Photoelectrochemical measurements
The transient photocurrent response, liner sweep voltammetry (LSV), electrochemical
impedance measurements and Mott–Schottky measurement were performed using a
CHI660E electrochemical workstation (Chenhua Instrument Co. Ltd., Shanghai,
China) with a standard three-electrode system. The working electrode was prepared as
follows: 20 mg photocatalyst was dispersed in a mixture of 5 % Nafion solution (50
μL) and isopropanol (300 μL) and ultrasonicated for 120 min to form a uniform
suspension. Then, 90 μL of suspension was dip-coated on the 1 cm × 1 cm ITO and
FTO glass and dried overnight at room temperature. The as-prepared electrode,
saturated calomel electrode (SCE) and Pt wire were acted as working electrode,
counter electrode and reference electrode, respectively. The working electrode was
irradiated from the opposite side of the as-prepared film under a 300 W Xe lamp. An
aqueous solution of Na2SO4 (0.1 M) was used as the electrolyte.
Theoretical computation
All the density functional theory (DFT) calculations were performed using the Dmol3
module in Materials Studio software (Accelrys Inc., San Diego, version 6.1). The
double numerical plus polarization (DNP) basis set was used. The exchange-
correlation energy was calculated using the Perdew-Burke-Ernzerhof (PBE) function
of generalized gradient approximation (GGA). The k-points were sampled in a 1 × 2 ×
1 Monkhorst-Pack grid in all calculations. The convergence criteria of self-consistent
field tolerance, energy tolerance, maximum force tolerance and maximum
displacement tolerance during the calculations were 1.0 × 10-6 Ha/atom, 1.0 × 10-5 Ha,
0.002 Ha/Å and 0.005 Å, respectively.
Analytical methods
In order to determine the PMS concentration, samples were prepared by placing 1 mL
of reaction solution in a 4 mL cuvette. Then 1 mL of 10 mM FeSO4·7H2O solution
acidified by 1 M H2SO4 was added. Finally, 0.2 mL of 0.3 M KSCN solution was
added after 5 min. The absorbance was immediately read with a spectrophotometer at
a wavelength of 460 nm. The bisphenol A concentrations were measured by high-
performance liquid chromatography HPLC system (Waters 1525 with a C18 column
4.6 mm × 150 mm, 5 μm) at the wavelength of 225 nm. The mobile phase was
methanol: ultrapure water (60:40), and the flow rate was set to 1 mL min -1. The
phenol concentrations were measured by high-performance liquid chromatography
HPLC system (Waters 1525 with a C18 column 4.6 mm × 150 mm, 5 μm) at the
wavelength of 270 nm. The mobile phase was methanol: ultrapure water (70:30), and
the flow rate was set to 1 mL min-1. The 4-chlorophenol concentrations were
measured by high-performance liquid chromatography HPLC system (Waters 1525
with a C18 column 4.6 mm × 150 mm, 5 μm) at the wavelength of 210 nm. The
typical eluent comprised a binary mixture of 0.1% phosphoric acid aqueous solution
and methanol (typically 30:70), and the flow rate was set to 1 mL min-1. The Acid
Orange 7 concentration was measured by a UV–Vis spectrophotometer (Tu-1810) at a
wavelength of 486 nm. The Acid Orange 7 concentration was measured by a UV–Vis
spectrophotometer (Tu-1810) at a wavelength of 486 nm. The concentration of
Rhodamine B in the system was analyzed by measuring the absorbance at 554 nm
with a Tu-1810 spectrophotometer.
Figure S1. Photographs of various samples.

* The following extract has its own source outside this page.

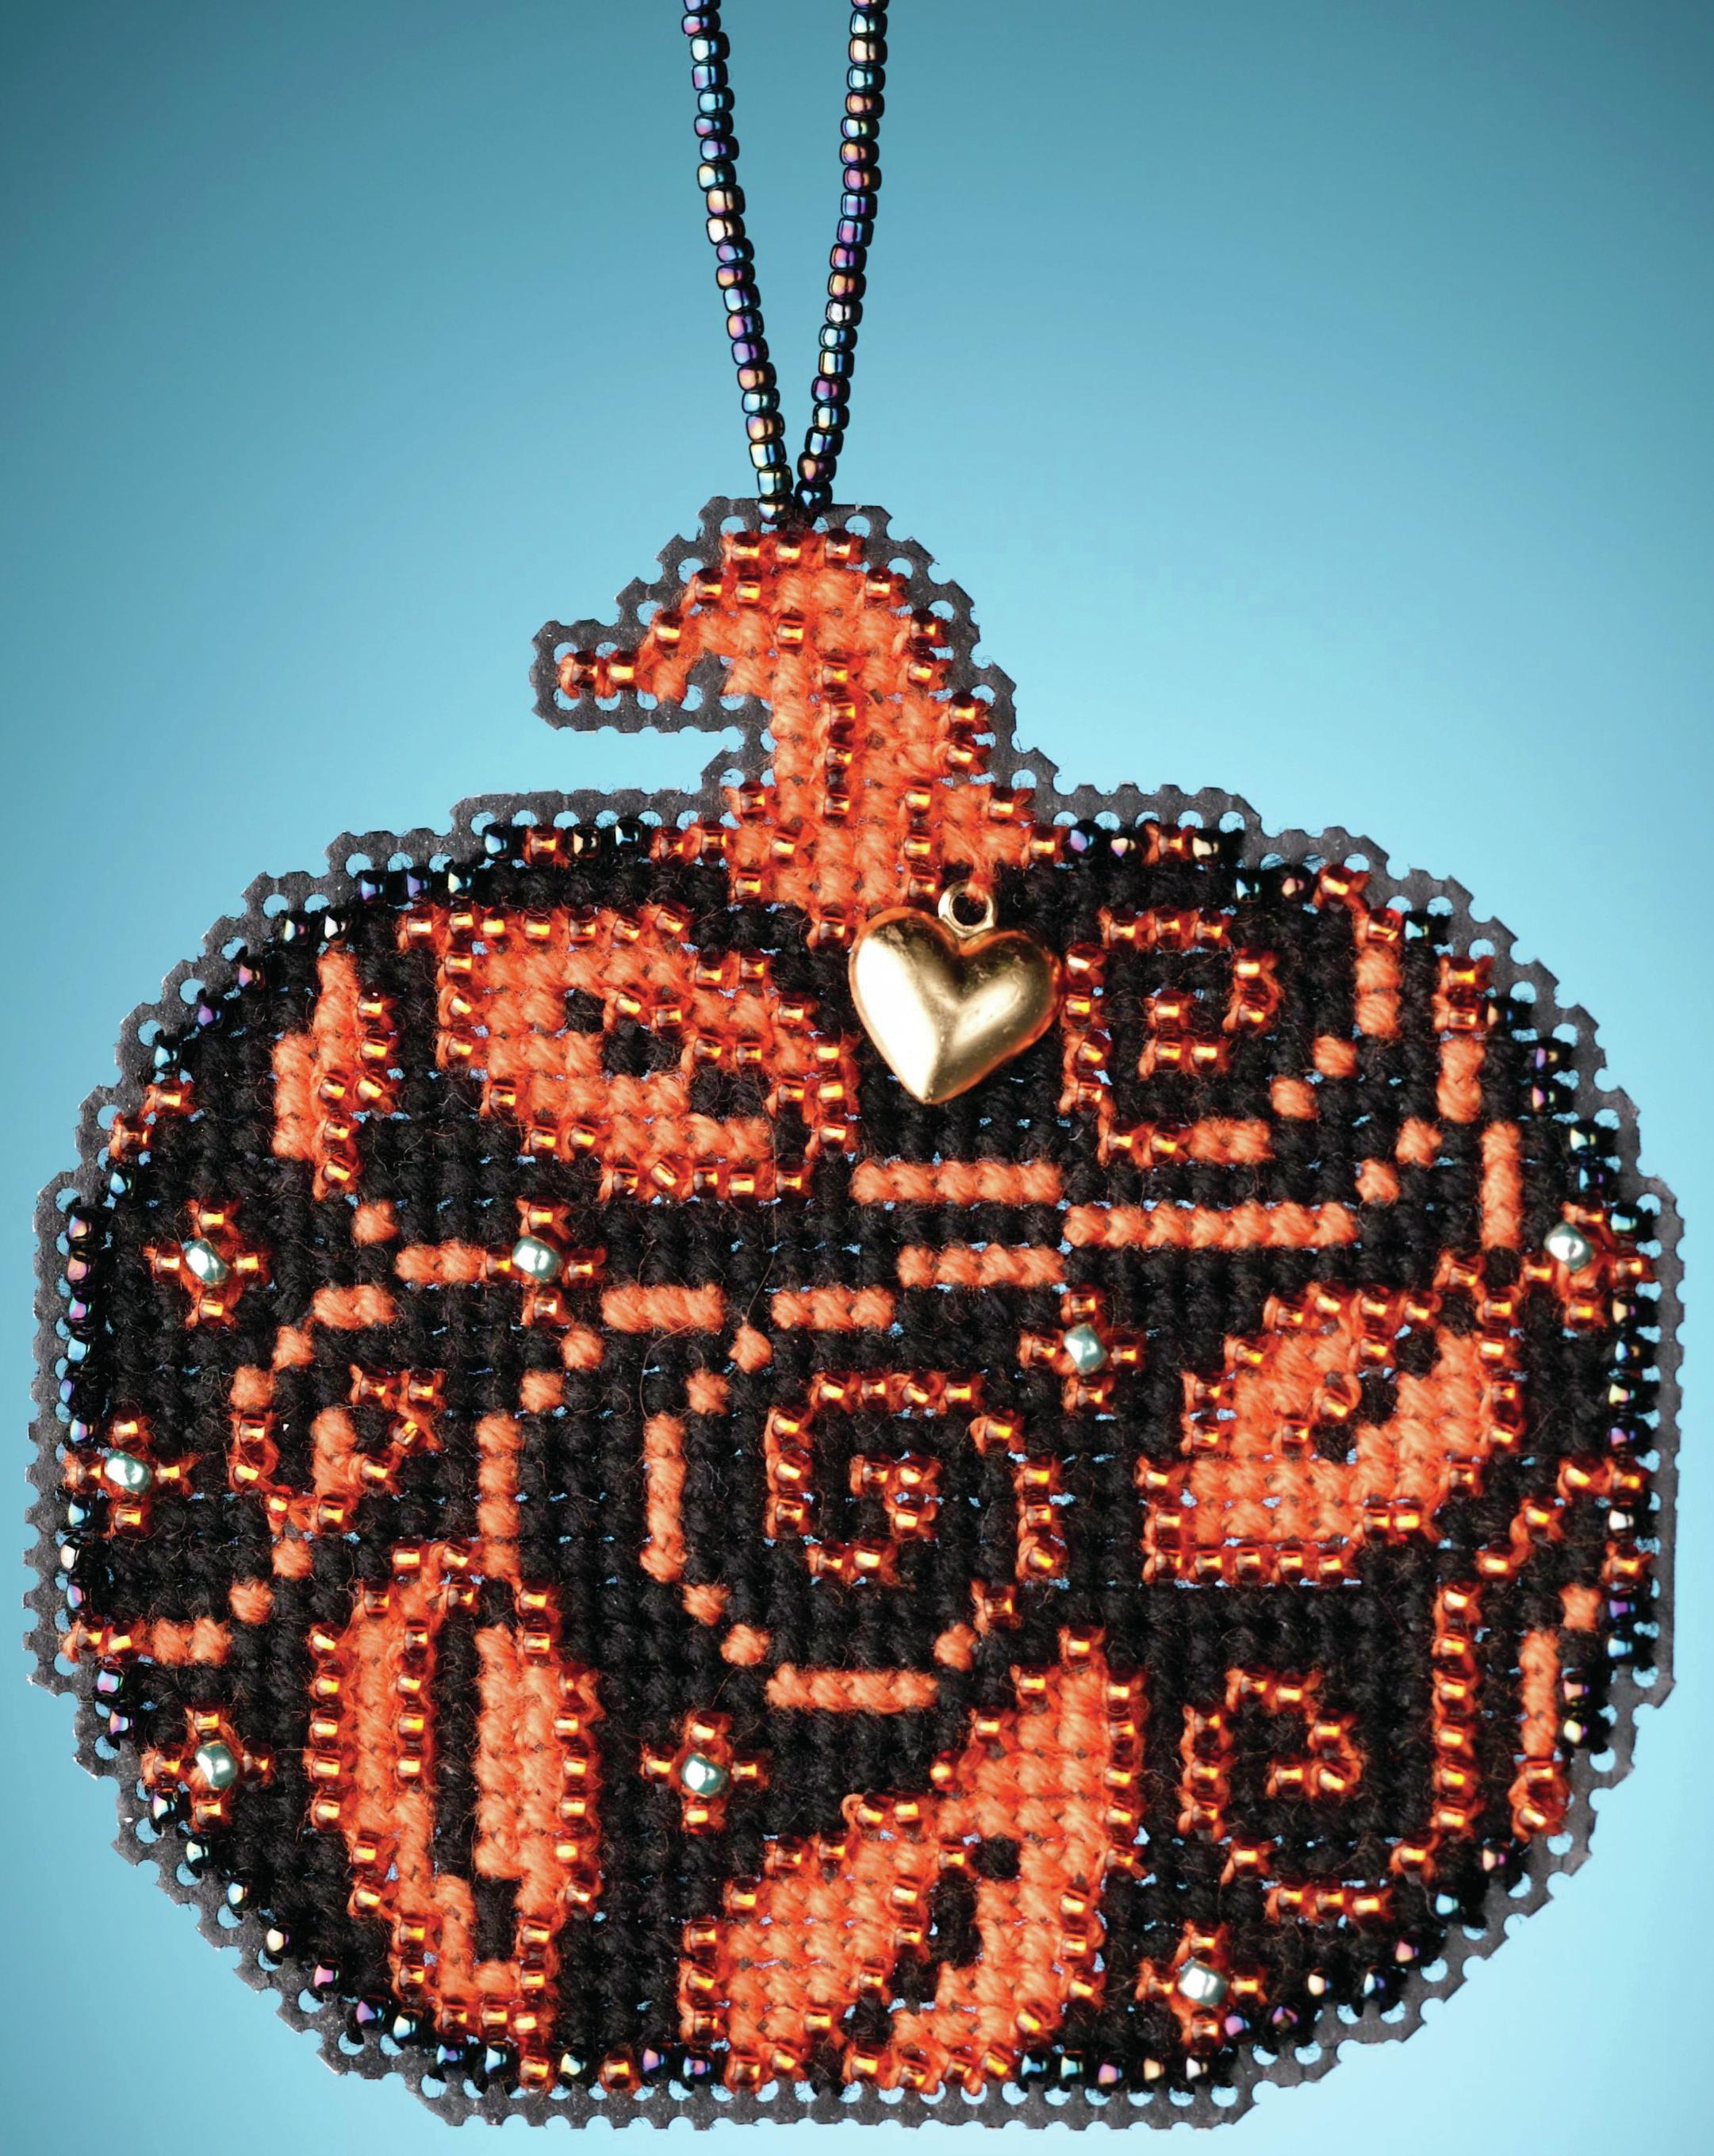 Glowing Pumpkin counted cross stitch kit

Figure S2. 1H NMR spectra of various samples.
Figure S3. XPS spectrum of core-level O 1s.
Figure S4. Influencing factors on the CBZ removal efficiency in H-CTFs-
Na/vis/PMS system: (a) catalyst dosage, (b) PMS concentration, (c) CBZ
concentration, and (d) initial pH.
Figure S4a illustrates the removal of CBZ over time at different catalyst dosages in
solution. As expected, an enhancement in CBZ degradation was observed with an
increase in the H-CTF-Na dosage from 0.0 to 0.4 g·L-1. This increase is clearly
attributed to the increased availability of active sites in the catalyst for the generation
of photogenerated charge carriers and PMS activation, and approximately 96%
removal of CBZ could be attained within 100 min at 0.4 g·L -1 of H-CTF-Na loading.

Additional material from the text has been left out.